2. Then there’s the time wasted with the help of computers

They have surely taken over from television (gramophone, wireless, television… here we come).

Yesterday I stumbled on and watched this seminar: The Collapse of Intelligent Design by Ken Miller of Brown University.

YouTube billing:

“Ken Miller basically rips Intelligent Design apart in a 2 hour long expos√© of the claims of intelligent design and the tactics that creationists employ to get it shoehorned into the American school system.”

It was delicious. Good science, good theater and, and in the case of the Dover (Pennsylvania) court trial described, a just outcome. It didn’t feel like 2 hours. I think it was an hour plus questions.

Miller’s closing remarks about the judiciary were wise and very uplifting–and a warm personal reminder of much that I admire about important things that America has gotten wonderfully right. I have made a note to read Judge Jones’ ruling when my computer next helps me save some time.

Later: Oh, alright then, I couldn’t resist it. Dr.Miller said it was very funny in places and I’m afraid that tempted me to have what I intended, of course, as a quick look (Warning: fatal mistake!). And indeed there are some belly laughs in there as perjuring backsides are nailed to barn doors. And there are even more, I discovered by another serendipitous excursion, in the York Daily Record (here, for example) whose columnist Mike Argento has been described as the H.L.Mencken of the trial.
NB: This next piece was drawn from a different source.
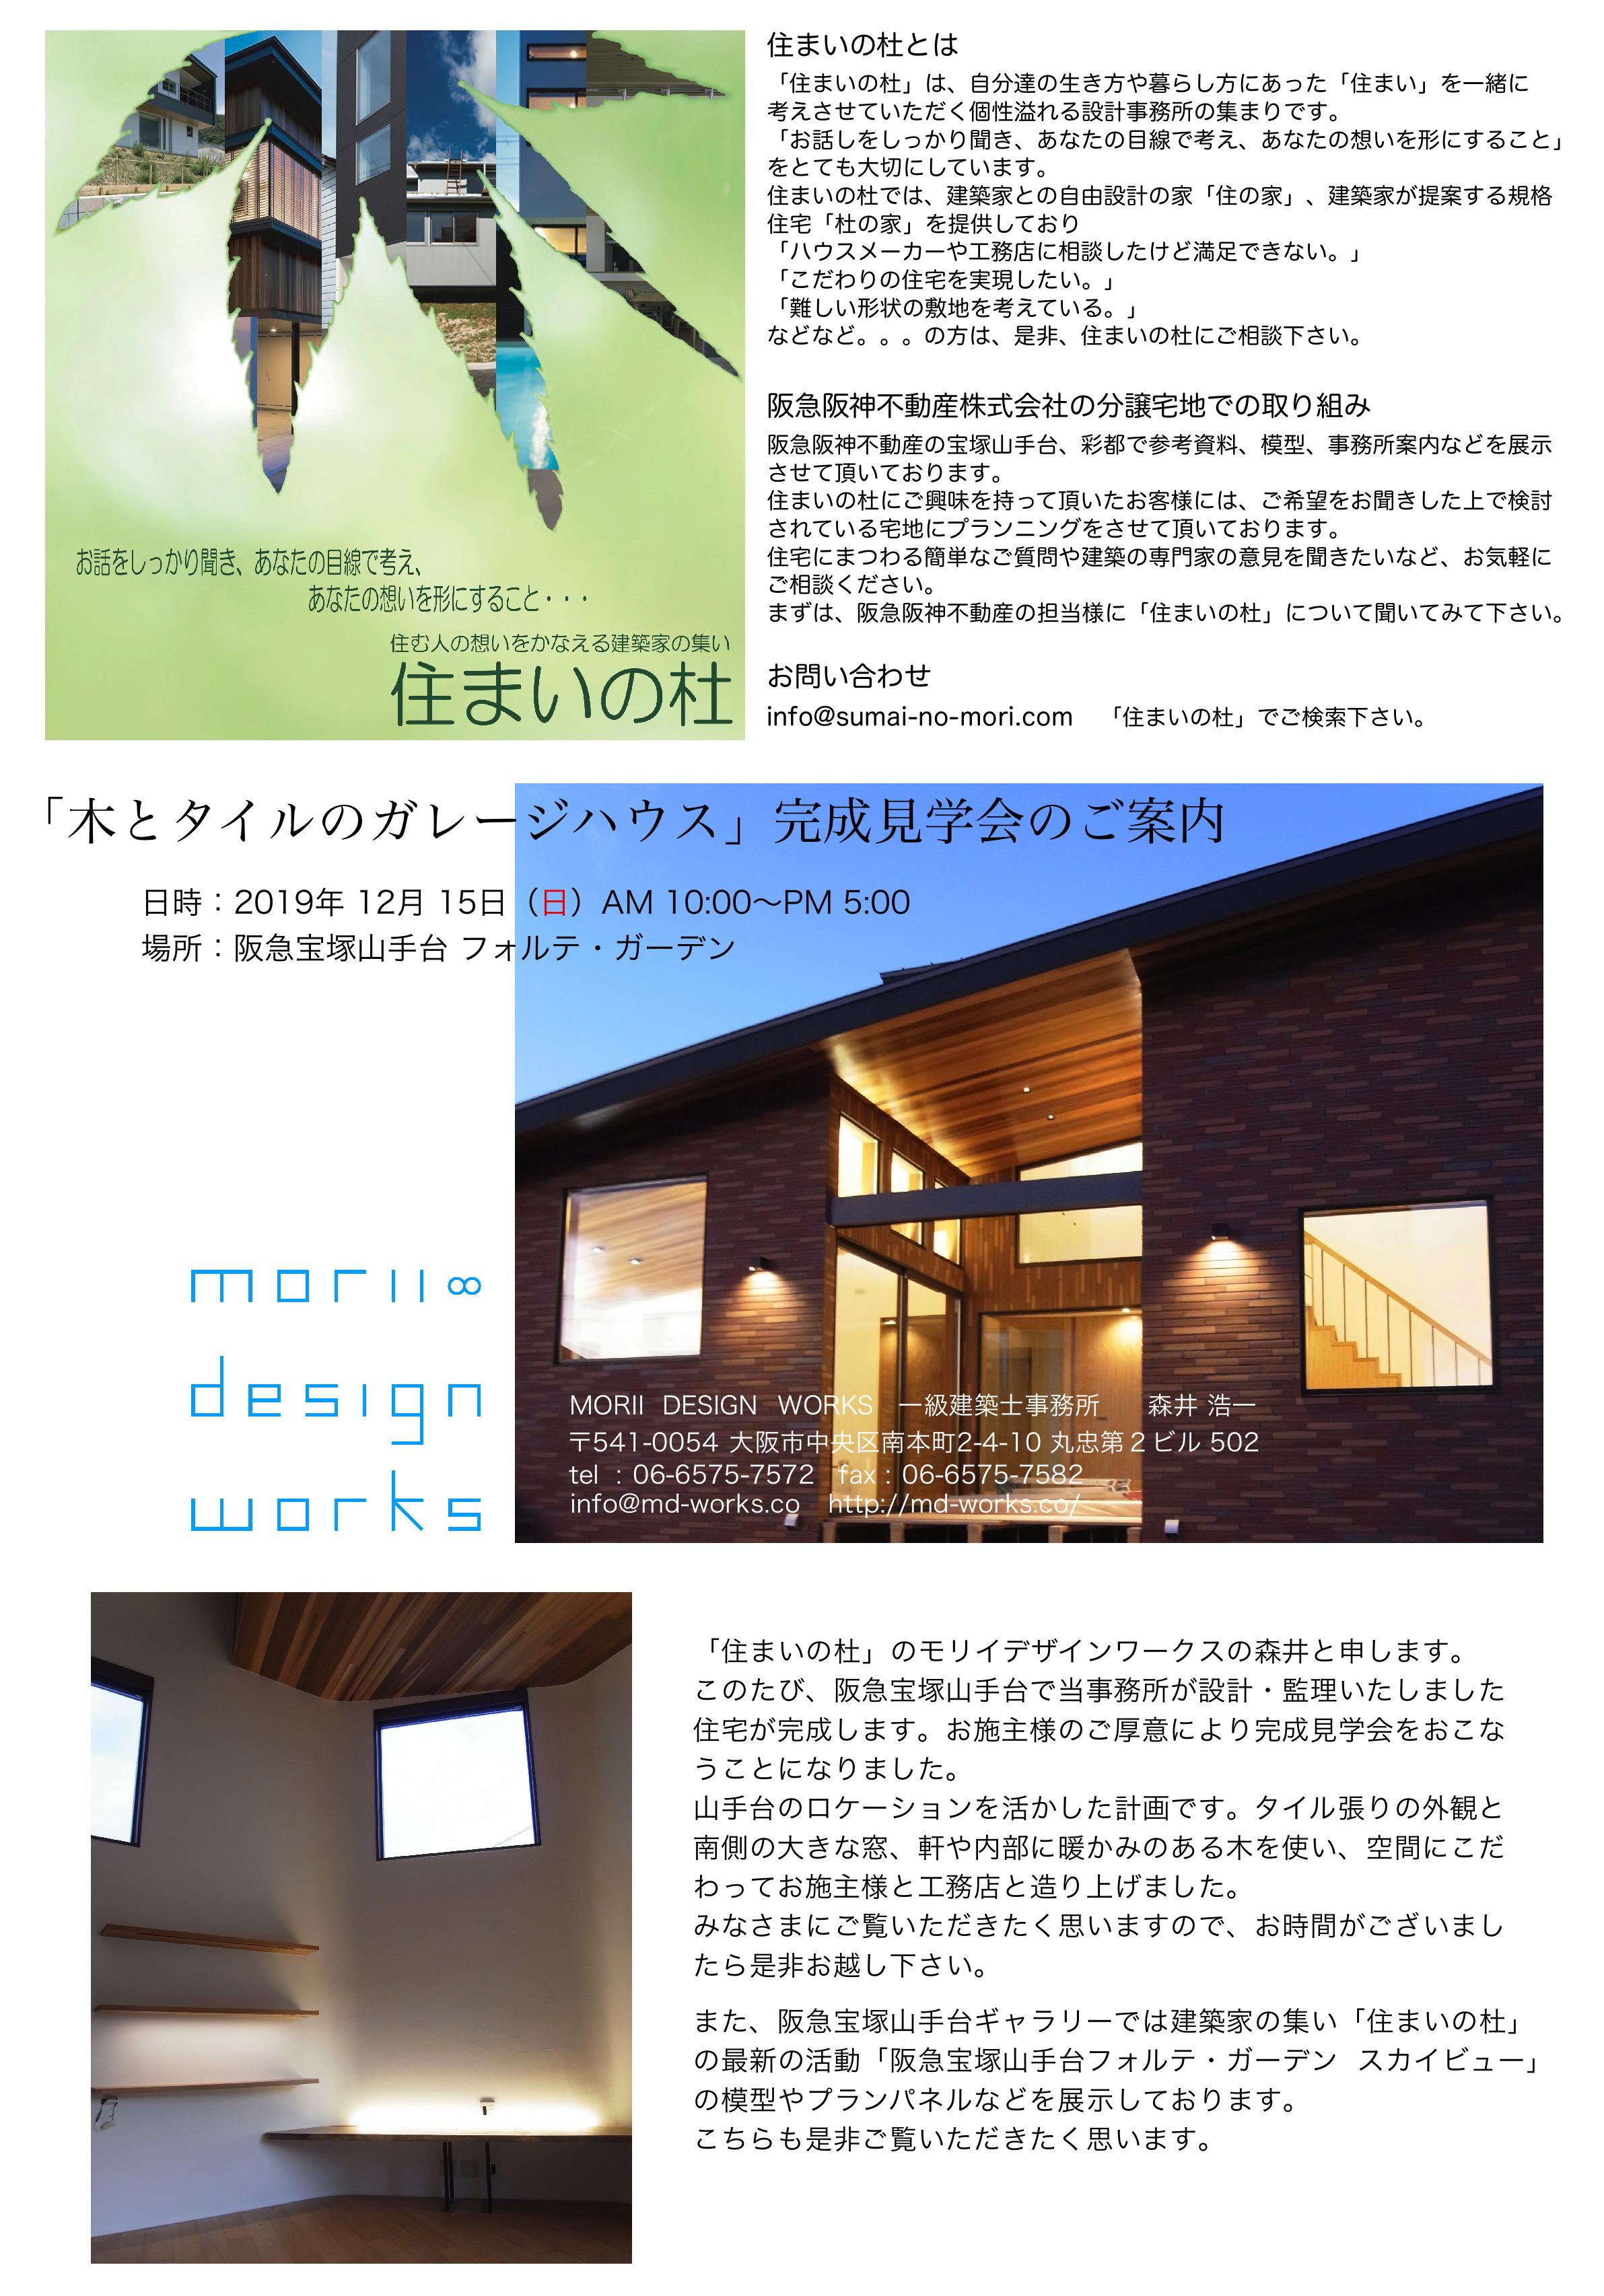 オープンハウス,建築家,阪急宝塚山手台
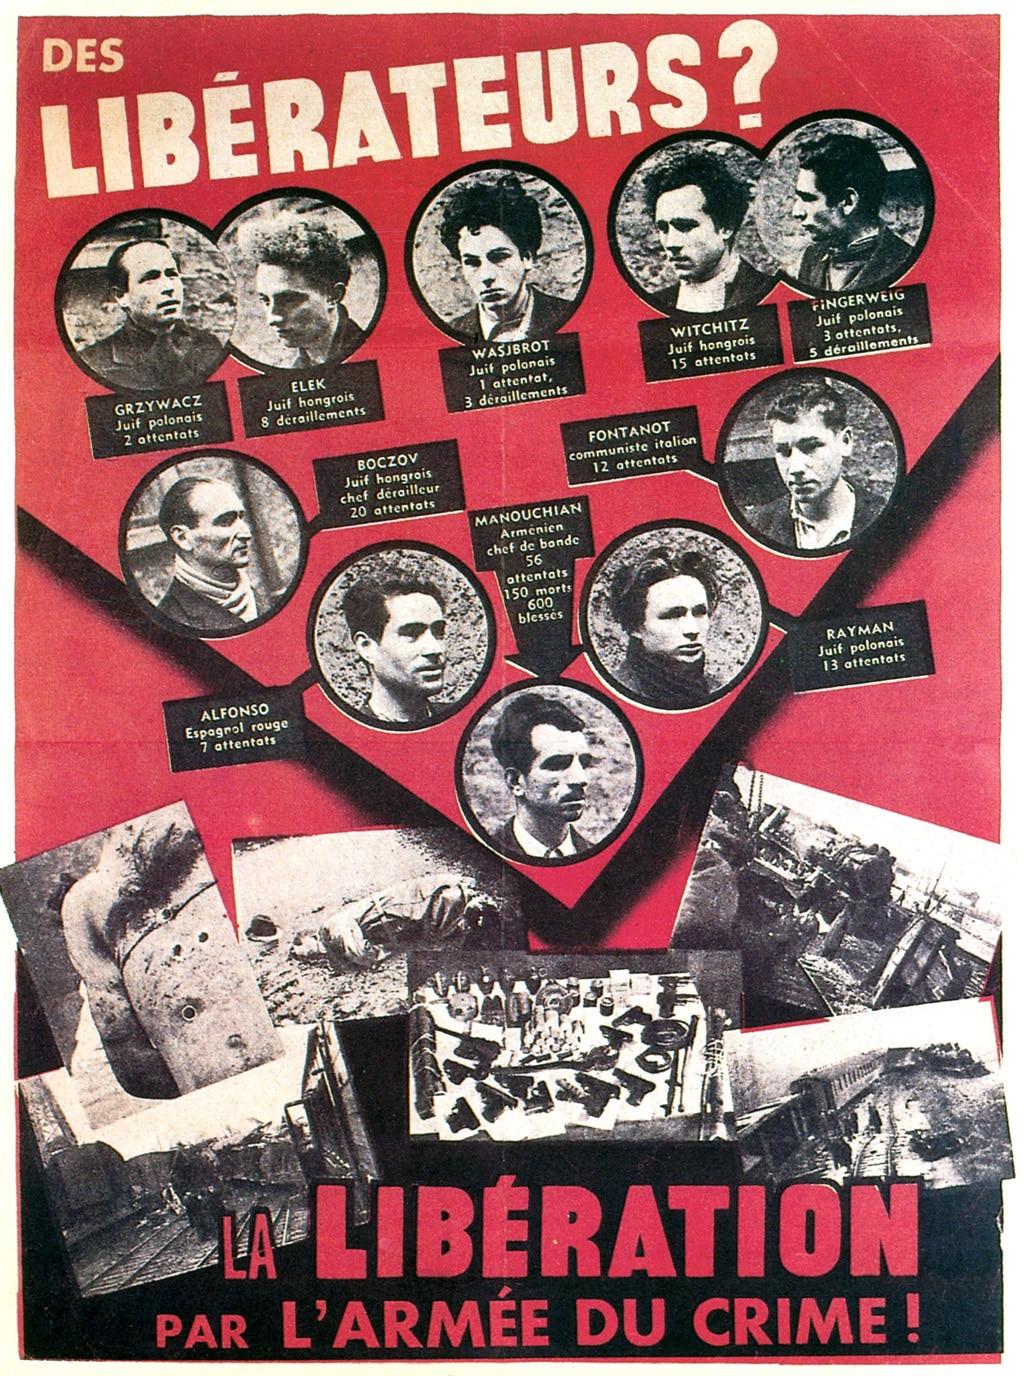 """Il celebre """"Affiche rouge"""", manifesto di propaganda nazista diffuso a Parigi nel 1944, dopo l'esecuzione di 23 membri del gruppo Franchi tiratori partigiani - mano d'opera immigrata (Ftp-Moi). Sulla destra, il monfalconese Spartaco Fontanot. -"""

I am resisting the temptation to look for more.

3. And the time wasted fooling with computers

My reading of the judgement was facilitated by my finding this fix (a software downgrade) to enable me to use my Microsoft Office keyboard’s scroll wheel. Microsoft Vista doesn’t support this Microsoft (model RT9450) keyboard. I could understand this if it was 5 years old or required an obsolete interface. It’s about 3 years old and it works perfectly well with Windows XP. Microsoft, it seems, would like me to buy another keyboard.

obsolete-rt9450.jpg

First, this is not environmentally responsible. Second, it causes me more than financial pain. I have suffered in the past from shoulder problems associated with using a mouse for too long. Having a scroll wheel on the left of the keyboard has made a great deal of difference to me. Now, Microsoft doesn’t make a keyboard with a scroll wheel on the left any more. I don’t expect Vista to support 8″ floppy disks or any other obsolete hardware, but this deliberate failure to support Microsoft’s own hardware seems inexcusable–in this case at least: the Microsoft Office Keyboard is still for sale. I am posting this so that others whose time was wasted on this may find this workaround, and so that any Microsoftie reading this might feel twinge of shame (fat chance?).